[R] Problem with converting grib file to excel
Roy Mendelssohn - NOAA Federal
roy@mende|@@ohn @end|ng |rom no@@@gov
Tue Oct 1 01:52:18 CEST 2024
I have corresponded with Javad off-line, posting this as a follow-up, to close the issue. There are two separate questions here. The first is why did the posted code below fail. The second is there an easy way to read in the values, given the oddities of his file (more on that), and yes it turns out "terra" performs much better than "raster".
First a little about GRIB files in general, and this file in particular. GRIB files were design to store grids in files with very small footprints, usually from model output. GRIB files have the characteristic that if I "cat" a bunch of GRIB files, I still have a valid GRIB file. So a given GRIB file often contains multiple parameters, and each of those through time. To translate into terms used by R spatial packages, each variable grid, at each time period will be seen as a "band" or a "layer" in the dataset. Thus if I have 3 parameters, say temperature, dew point and cloud cover at 8670 time periods, R spatial packages will see 3*8670 layers or bands.
However this GRIB file is clearly not a raw GRIB file made by a data provider, but rather an extract made with some tool. In this file there are 3 underlying time series. temperature, dew point and cloud cover, each of dimension (1, 1, 8670), that is because it is defined at one spatial point only.
So why did the code below fail? raster::stack() read the file just fine, and the layer_names are correct, all 3*8670 of them. The next steps:
>> # Extract layers based on layer names - adjust as necessary
>> t2m <- raster_data[[grep("t2m", layer_names)]]
>> d2m <- raster_data[[grep("d2m", layer_names)]]
>> tcc <- raster_data[[grep("tcc", layer_names)]]

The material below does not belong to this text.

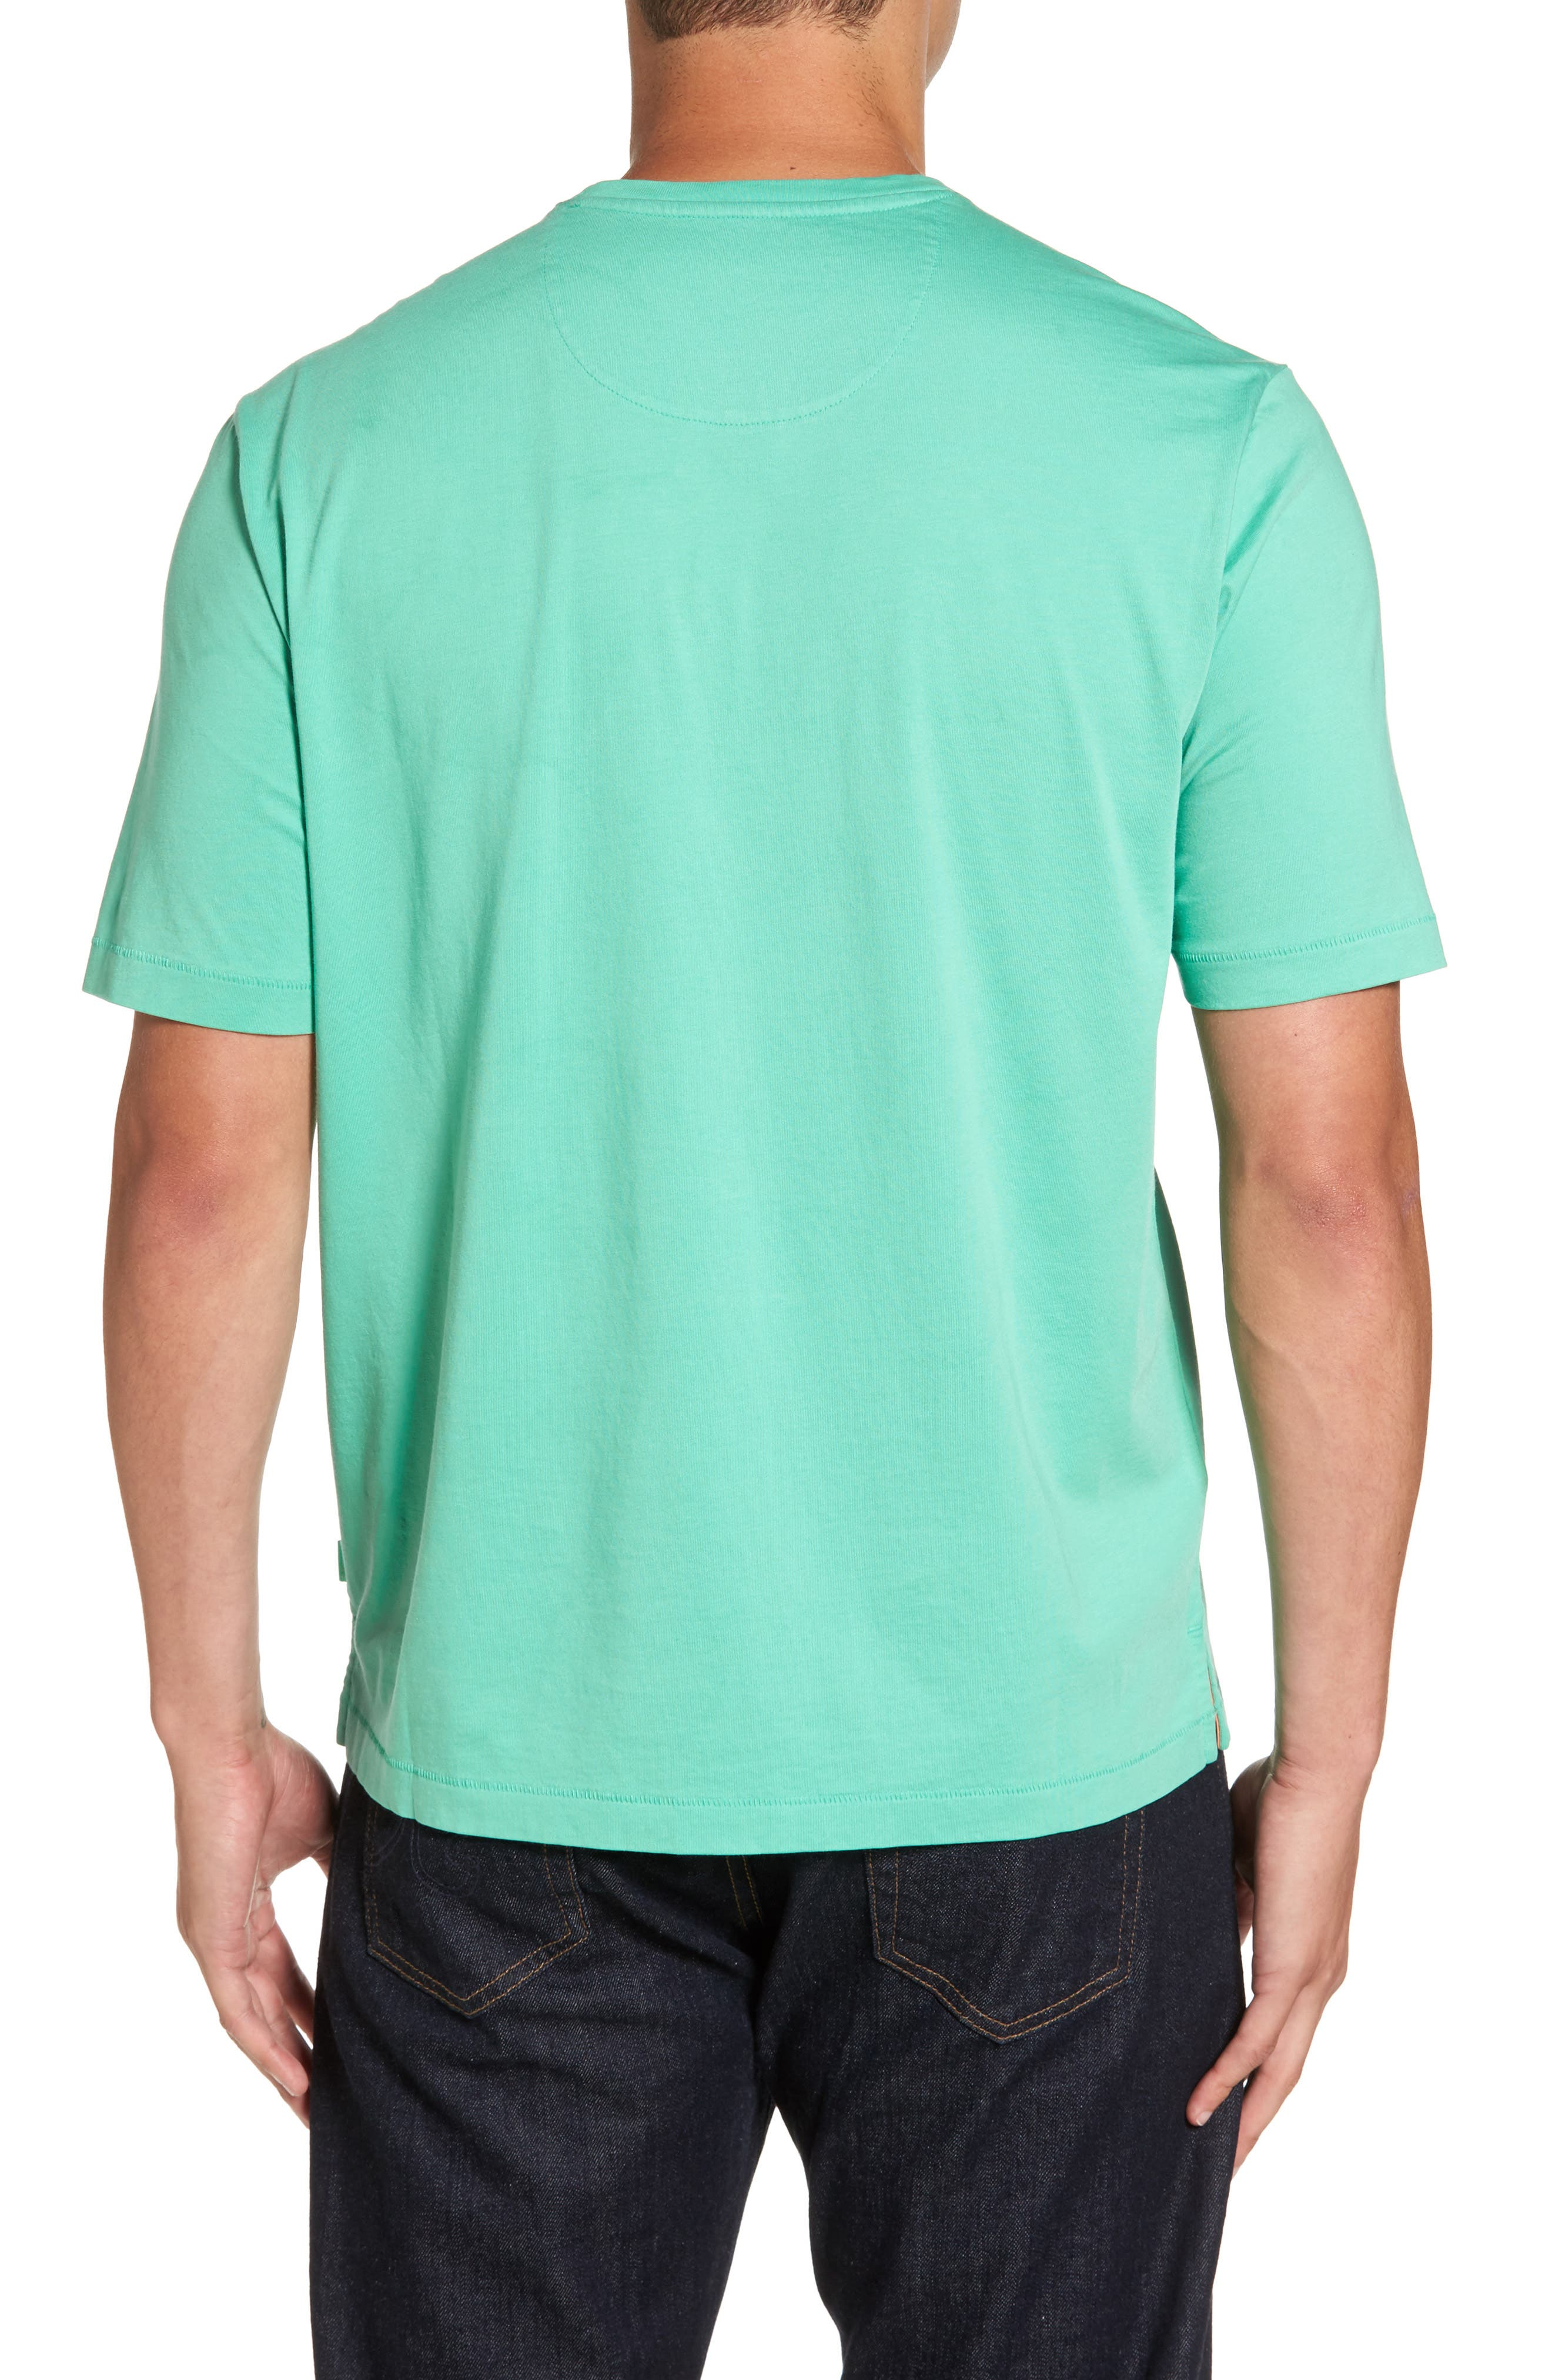 Bali Skyline Pocket T-Shirt,                             Alternate thumbnail 2, color,                             300

>> valid_time <- raster_data[[grep("valid_time", layer_names)]]
>> t2m
which are aimed at subsetting the raster stack based on the variable name all fail because ""t2m" , "d2m" and "tcc" are not in the layer_names. So then of course everything else fails.
So the next question is how to read the file and get a data frame. A first pass would be:
raster_stack <- raster::stack("Met.grib")
raster_data <- raster::getValues(raster_stack).
but you do not want to do that. For whatever reason, the raster_stack created above is enormous, and the raster::getValues() takes forever, I aborted after about an hour. However, if you use 'terra" instead:
raster_stack <-terra::rast("Met.grib")
raster_data <-terra::values(raster_stack).
it finishes in a flash. raster_data is now one long array that needs to be reshaped:
raster_data <- array(raster_data, dim = c(3, 8670)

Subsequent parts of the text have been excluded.